Metadata-Version: 2.4
Name: pyvider-telemetry
Version: 0.0.14
Summary: Pyvider Telemetry: An opinionated, developer-friendly telemetry wrapper for Python.
Author-email: Tim Perkins <code@tim.life>
Maintainer-email: "provide.io" <code@provide.io>
License: Apache-2.0
Project-URL: Homepage, https://pyvider.com/
Project-URL: Repository, https://github.com/provide-io/pyvider-telemetry
Keywords: telemetry,logging,tracing,python,pyvider
Classifier: Development Status :: 3 - Alpha
Classifier: Intended Audience :: Developers
Classifier: License :: OSI Approved :: Apache Software License
Classifier: Operating System :: OS Independent
Classifier: Programming Language :: Python :: 3
Classifier: Programming Language :: Python :: 3.13
Classifier: Topic :: System :: Logging
Classifier: Topic :: System :: Monitoring
Classifier: Topic :: Software Development :: Libraries :: Python Modules
Classifier: Typing :: Typed
Requires-Python: >=3.12
Description-Content-Type: text/markdown
License-File: LICENSE
Requires-Dist: attrs>=23.1.0
Requires-Dist: structlog>=25.3.0
Provides-Extra: opentelemetry
Requires-Dist: opentelemetry-api>=1.22.0; extra == "opentelemetry"
Requires-Dist: opentelemetry-sdk>=1.22.0; extra == "opentelemetry"
Requires-Dist: opentelemetry-exporter-otlp-proto-grpc>=1.22.0; extra == "opentelemetry"
Requires-Dist: opentelemetry-exporter-otlp-proto-http>=1.22.0; extra == "opentelemetry"
Dynamic: license-file

<div align="center">

# 🐍📡 `pyvider.telemetry`

**Beautiful, performant, structured logging for Python.**

Modern structured logging built on `structlog` with emoji-enhanced visual parsing and semantic Domain-Action-Status patterns.
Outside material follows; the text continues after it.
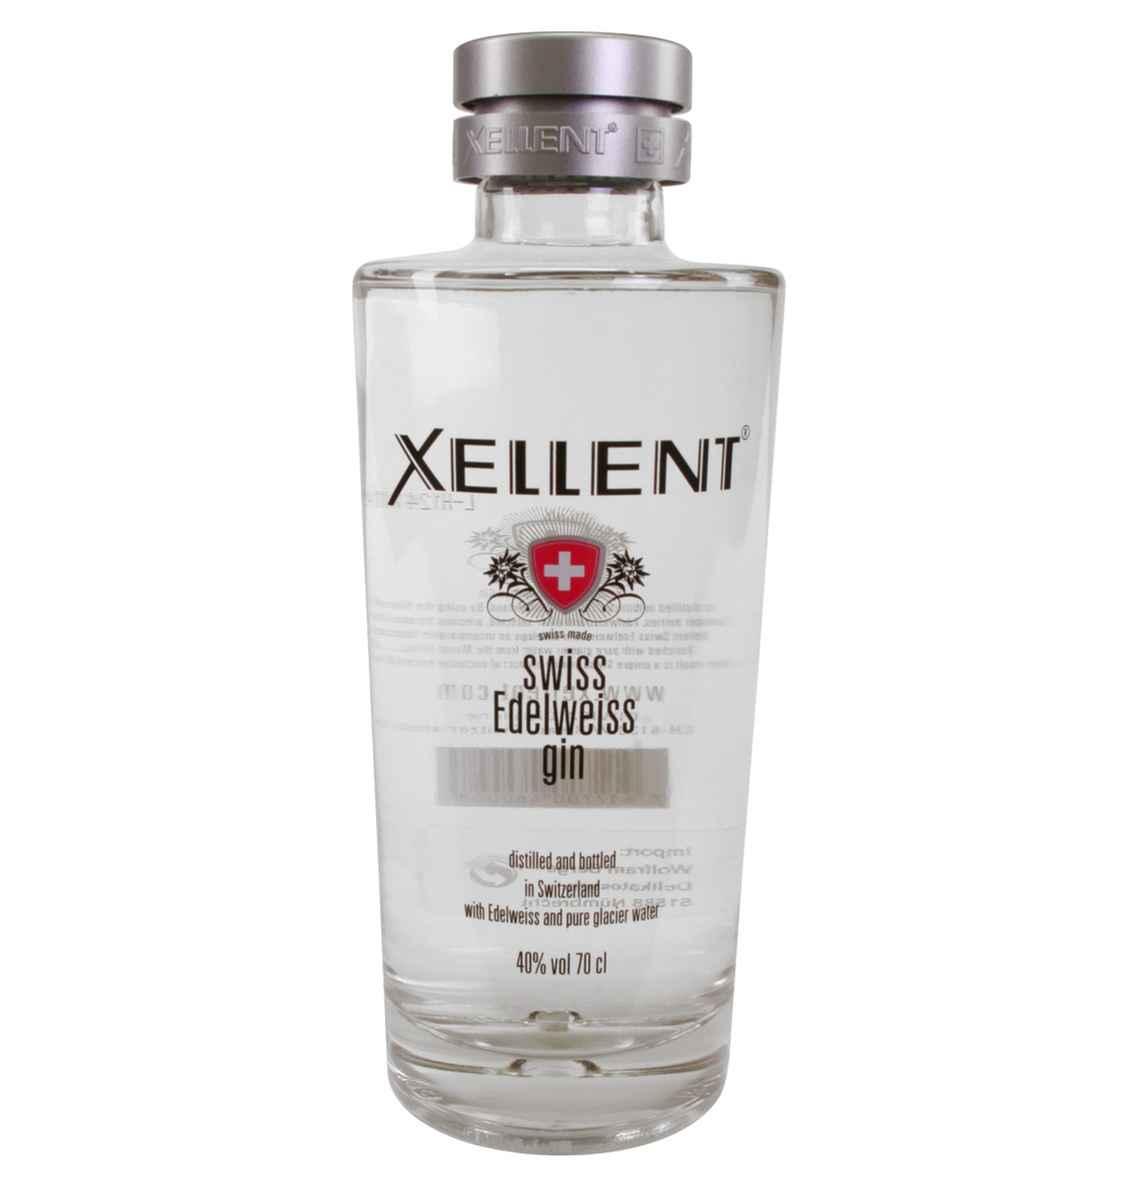 [Galeria Kaufhof] Xellent Swiss Edelweiss Gin oder vodka, 0,7l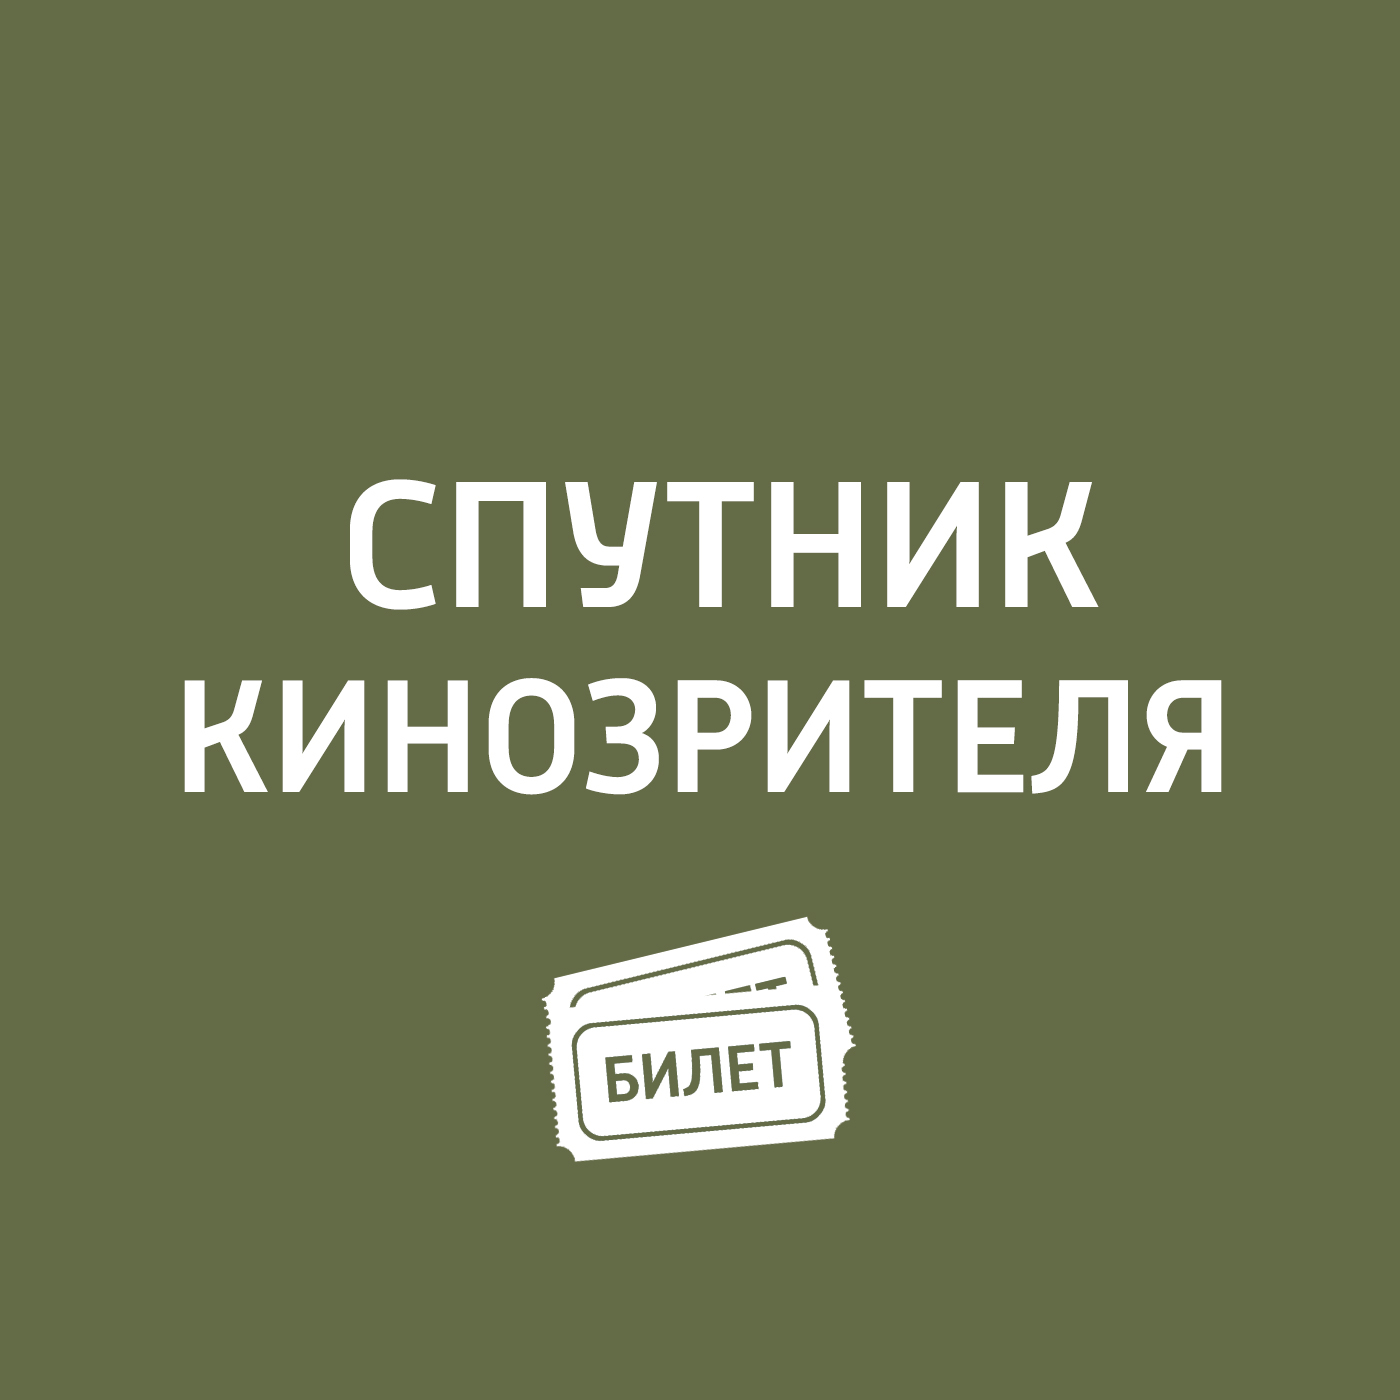 Антон Долин 1812: Уланская баллада, «Операция «Арго ручки parker s1953190

[![Awesome: uv](https://img.shields.io/endpoint?url=https://raw.githubusercontent.com/astral-sh/uv/main/assets/badge/v0.json)](https://github.com/astral-sh/uv)
[![PyPI Version](https://img.shields.io/pypi/v/pyvider-telemetry?style=flat-square)](https://pypi.org/project/pyvider-telemetry/)
[![Python Versions](https://img.shields.io/pypi/pyversions/pyvider-telemetry?style=flat-square)](https://pypi.org/project/pyvider-telemetry/)
[![Downloads](https://static.pepy.tech/badge/pyvider-telemetry/month)](https://pepy.tech/project/pyvider-telemetry)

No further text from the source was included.